Data manipulation#
Inspecting#
Inspect or partially load a file without reading the count matrix:
Accessing the pieces#
# the count matrix (sparse, cells × genes)
sc.X
# cell/gene metadata (polars DataFrames)
sc.obs
sc.var
# one column (a polars Series)
sc.obs['cell_type']
# cell barcodes/gene names (first columns of obs/var)
sc.obs_names
sc.var_names
# one gene across cells/one cell across genes (as a dense 1D array)
sc.gene('MALAT1')
sc.cell(sc.obs_names[0])
# pipeline outputs (after PCA/clustering; see Basic Workflow)

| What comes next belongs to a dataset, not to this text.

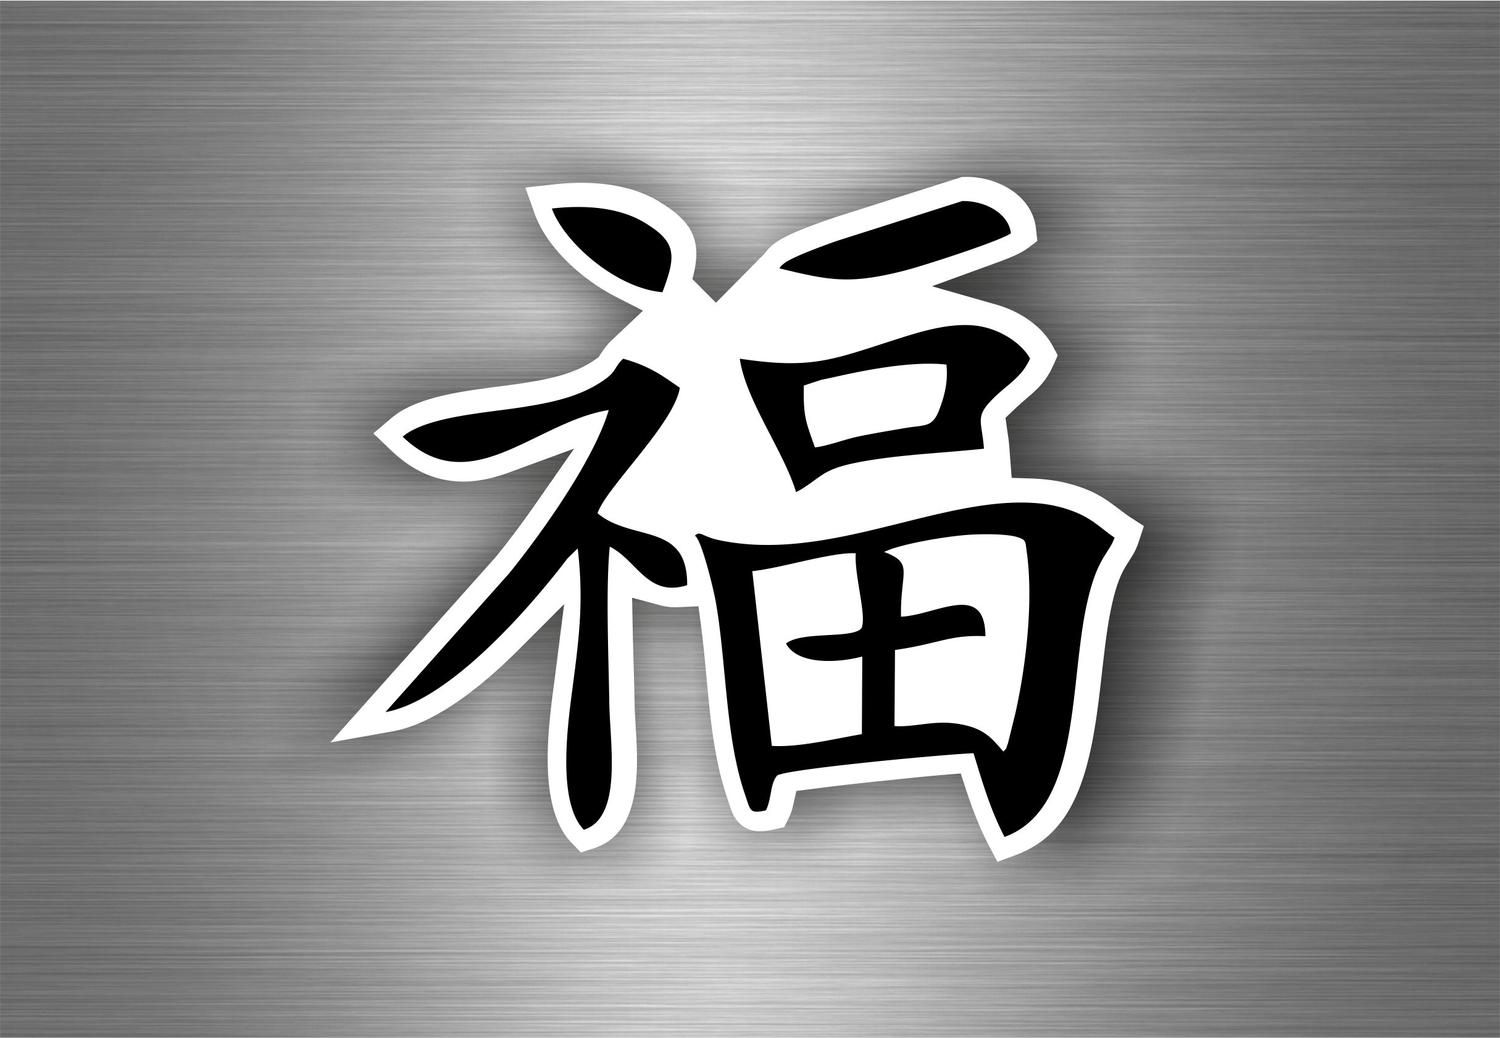 Autocollant sticker voiture moto macbook signe chinois lettre aimer love r1

sc.obsm['pca'] # principal components (NumPy array)
sc.obsp['shared_neighbors'] # cell–cell graph (sparse)
sc.uns['QCed'] # pipeline flags
Subsetting by cells or genes#
By metadata:
# filter to one condition
sc = sc.filter_obs(pl.col('cell_type') == 'CD14 Mono')
# a shorthand version of the above
sc = sc.filter_obs(cell_type='CD14 Mono')
# filter to multiple conditions
sc = sc.filter_obs(pl.col('cytokine').is_in(['IFN-gamma', 'PBS']))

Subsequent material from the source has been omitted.